Interesting, I’m another Chap All patient, too! My main moan is they moan. It’s true they can be incredibly busy though. However, they do send blood tests to my GP and, since I ask every time for them to be sent to me ( which is good practice) they can’t possibly remember. They are PDQ when they spot something like seriously low potassium, to the extent of bypassing your GP and phoning direct.
I’ve never had a problem with them taking blood. One phlebotomist spotted an ugly bruise from my practice nurse’s test the week before, looked at it in contempt and said “no bruises from me”.
If you can’t manage a fart at the right time, try something like “ooh, what’s that out the window” or “my goodness that’s a big spider”.
I’m awaiting an appt for the mysterious renal CTD clinic.

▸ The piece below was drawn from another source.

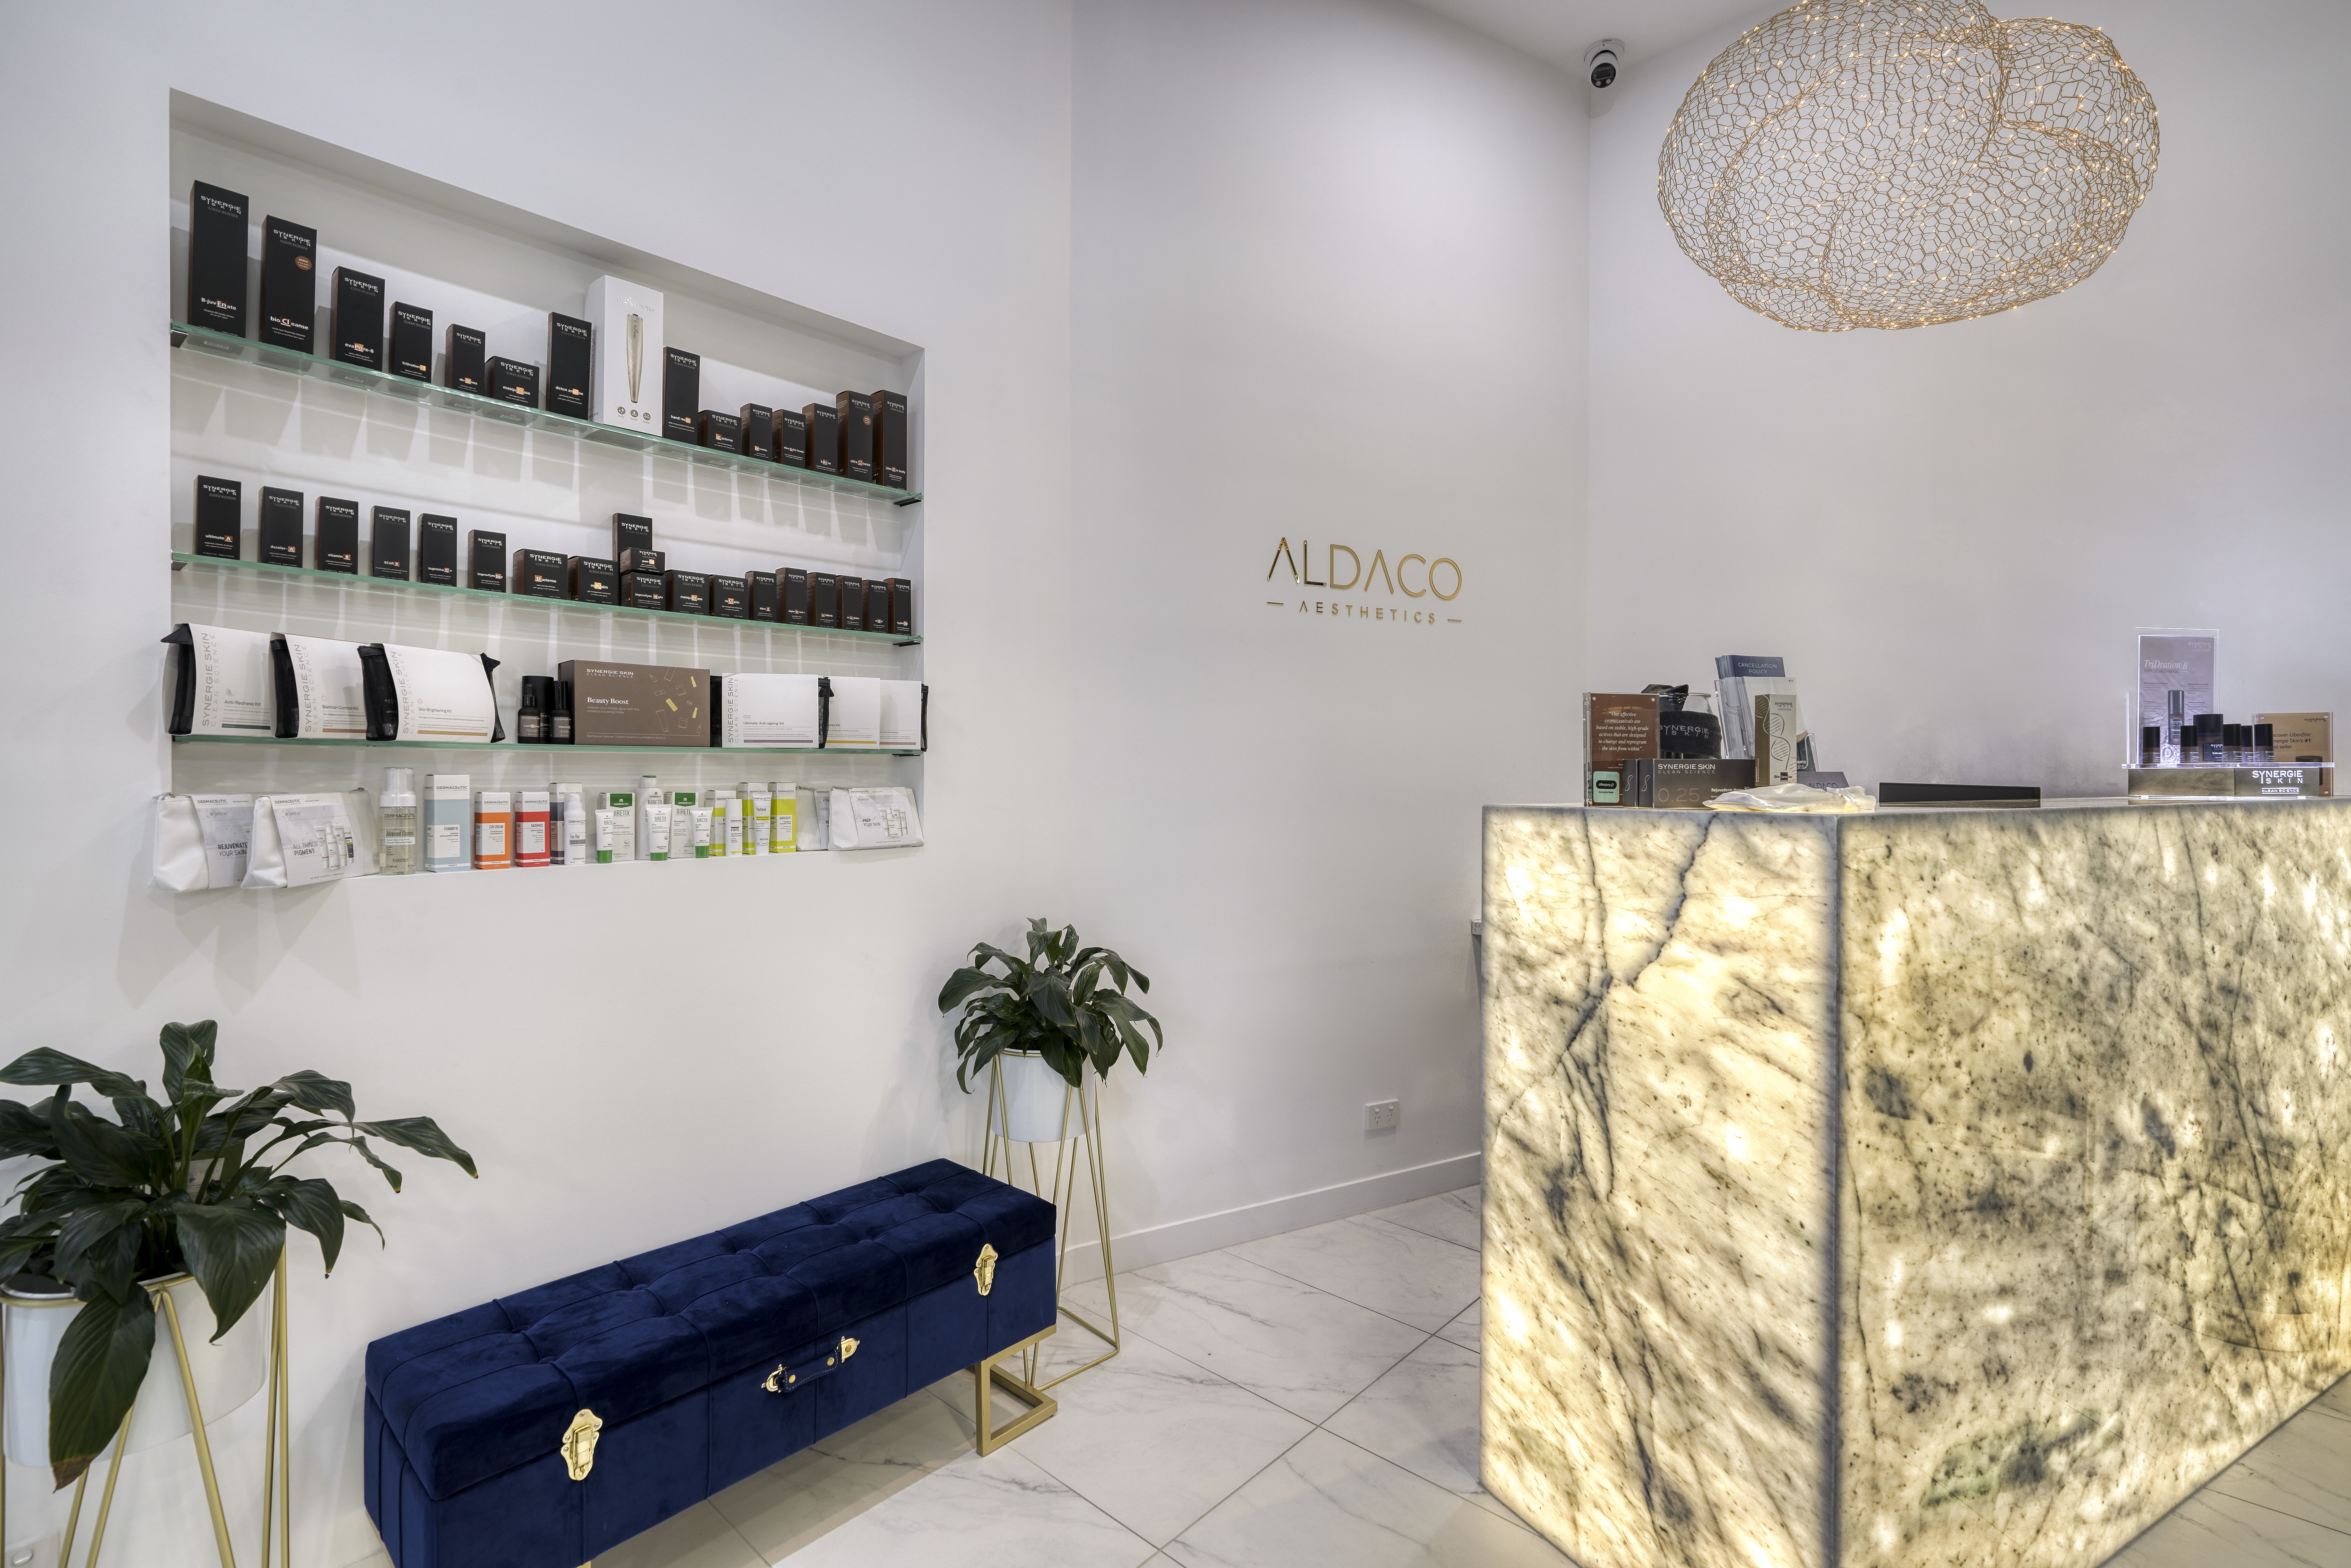 Aldaco Aesthetics - Coburg, AU, care about skin

Hi Lupiknits what do they moan about? I'm glad they ring if it's an urgent blood result, I assume that with most tests anywhere now, no news is good news and all that! Avoids unnecessary worrying for me 😊. Regarding phlebotomy I've never had an issue there before but I've had several problems at GP, local hospital, cannula etc and have had some lovely bruises at times! Seems my veins are shy when they see a needle 😂. Nice to hear from other Chapel Allerton patients, hope you get your appointment soon.
I can understand your anxiety over medication, I felt quite frightened about starting mycophenolate 8 weeks ago as I have hiatus hernia and bad acid reflux and my stomach soon reacts badly to things. I am now taking one gram twice a day and I have been surprised how well I seem to be tolerating it.
I was given two lupus helpline numbers for Chapel Allerton, one is for general concerns regarding medication, side effects etc and has a turn around of 48hrs, the other is for emergencies only.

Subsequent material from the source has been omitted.